1.       Scope, Contract Partners

1.1     The version of the following general terms and conditions applicable at the time of the order shall be applicable to software licensing contracts, licensing agreements, contracts for the purchase of hardware (possibly in combination with software), purchase contracts for other products as well as for the purchase of services between Cellular Spyware and the customer.

2.       Obligation to Provide Information in Sales Agreements Closed over the Internet

2.1     Contracting party for the customer is Cellular Spyware inc.  

2.2     The important characteristics of the goods and services are listed in the description of the respective item. When software is licensed, delivery is limited to the object code (executable form) with the documentation and installation and usage instructions provided by the manufacturer, if any. To the extent that delivery is provided via download, no physical media or documentation or manufacturer's instructions will be delivered in paper form, nor are they owed.

2.3     Reservations exist insofar as Cellular Spyware inc. can withdraw from the contract if Cellular Spyware inc. is not in the position to deliver the ordered goods for a reason that is no fault of its own because the supplier did not fulfill its contractual obligations. In this case, the customer shall be informed immediately.
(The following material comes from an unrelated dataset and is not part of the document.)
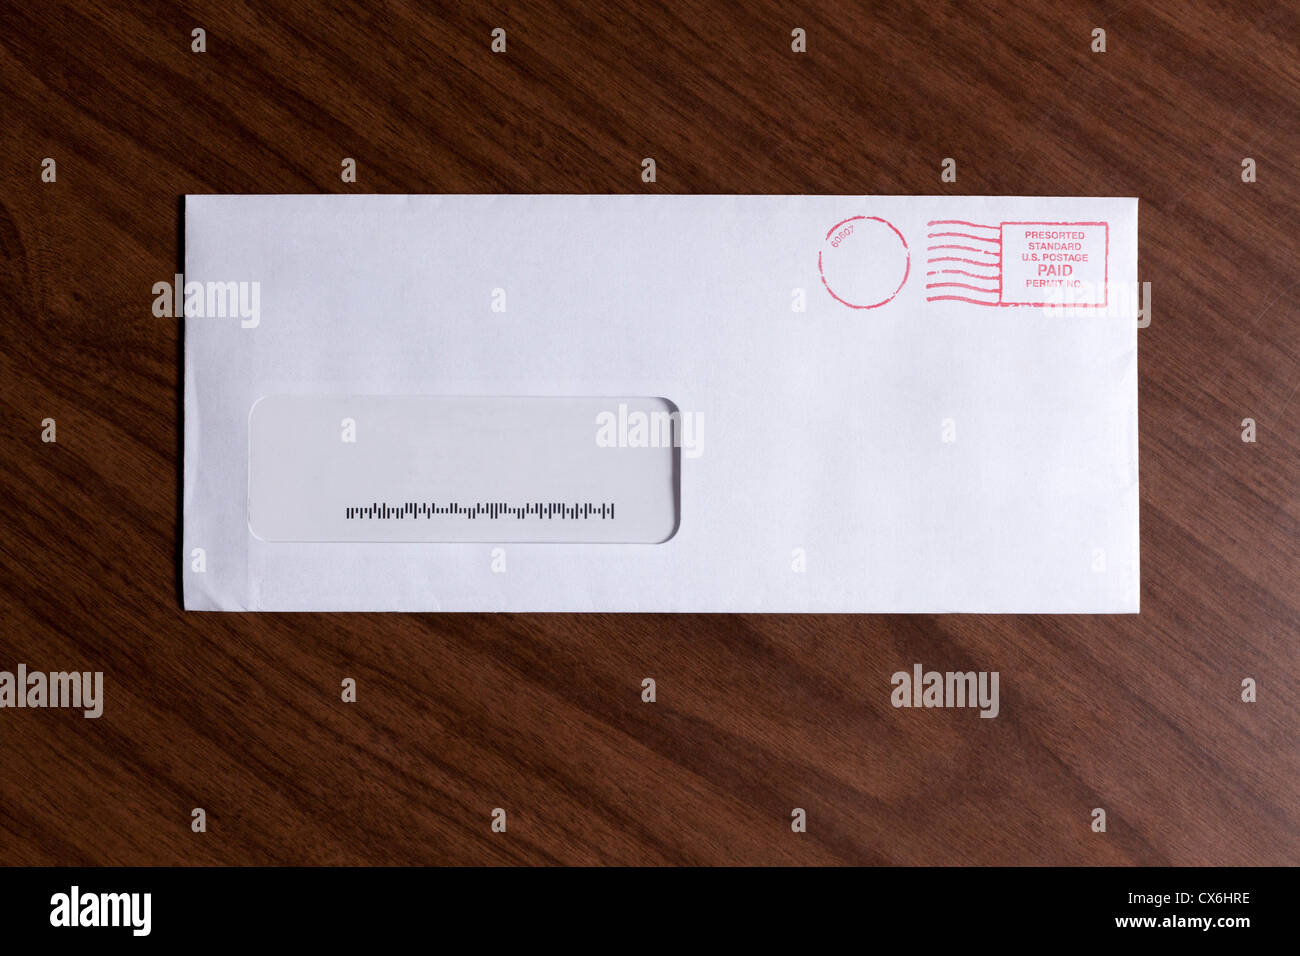 Une Fenetre Enveloppe Avec Aucune Adresse Mais Un Code Barres Et Des Timbres D Encre Rouge Photo Stock Alamy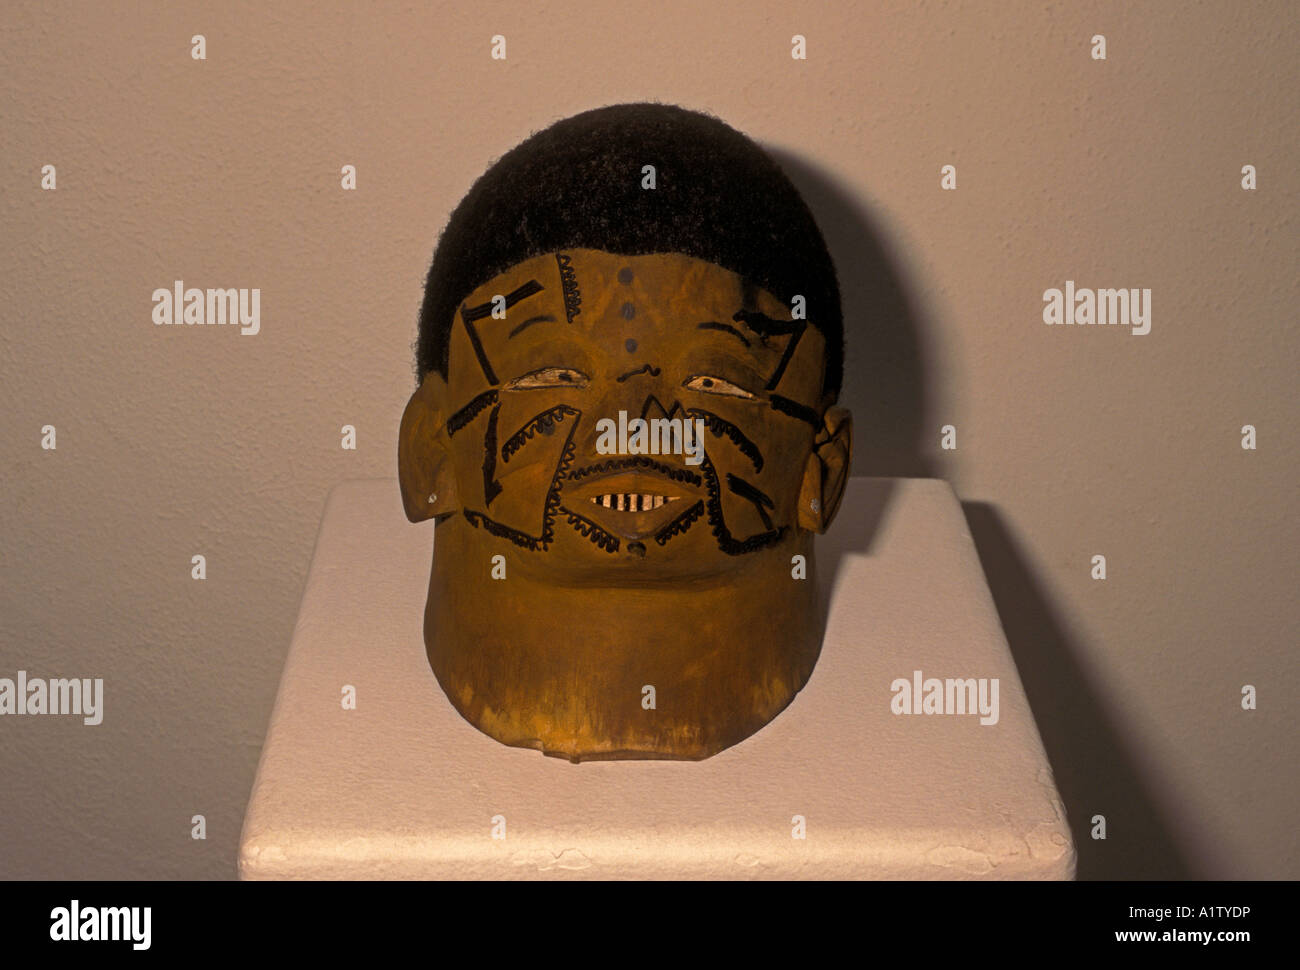 Helm-Maske, Maske, aus Holz und menschliches Haar, 24 x 22 x 18 cm, aus Tansania, Makonde Kultur, National Gallery, Harare, Zimbabwe, Afrika Stockfoto

2.4     The contract is closed in the following manner: The customer's order can be provided in writing or via electronic means (such as via email), each in the language of the respective party. The order represents an offer to Cellular Spyware inc. to enter into a contract for purchase. The contract is closed only if Cellular Spyware inc. Accepts the customer's offer by confirming the order by email after receiving the order. If this confirmation contains clerical or typographical errors, or if the prices are based on technical transmission errors, Cellular Spyware inc. shall be entitled to rescind, whereby Cellular Spyware inc. must prove its error to the customer. Payments already made will be returned immediately.

2.5     If statutory VAT or other applicable tax is incurred, it is included in the price. The customer must also pay shipping and the cash on delivery costs (COD) pursuant to the following provisions (see number 6).

2.6     All information provided by Cellular Spyware inc. is limited in validity to when the customer retrieves/downloads it, if not otherwise labeled, since information, offers and prices set by Cellular Spyware inc are continually updated.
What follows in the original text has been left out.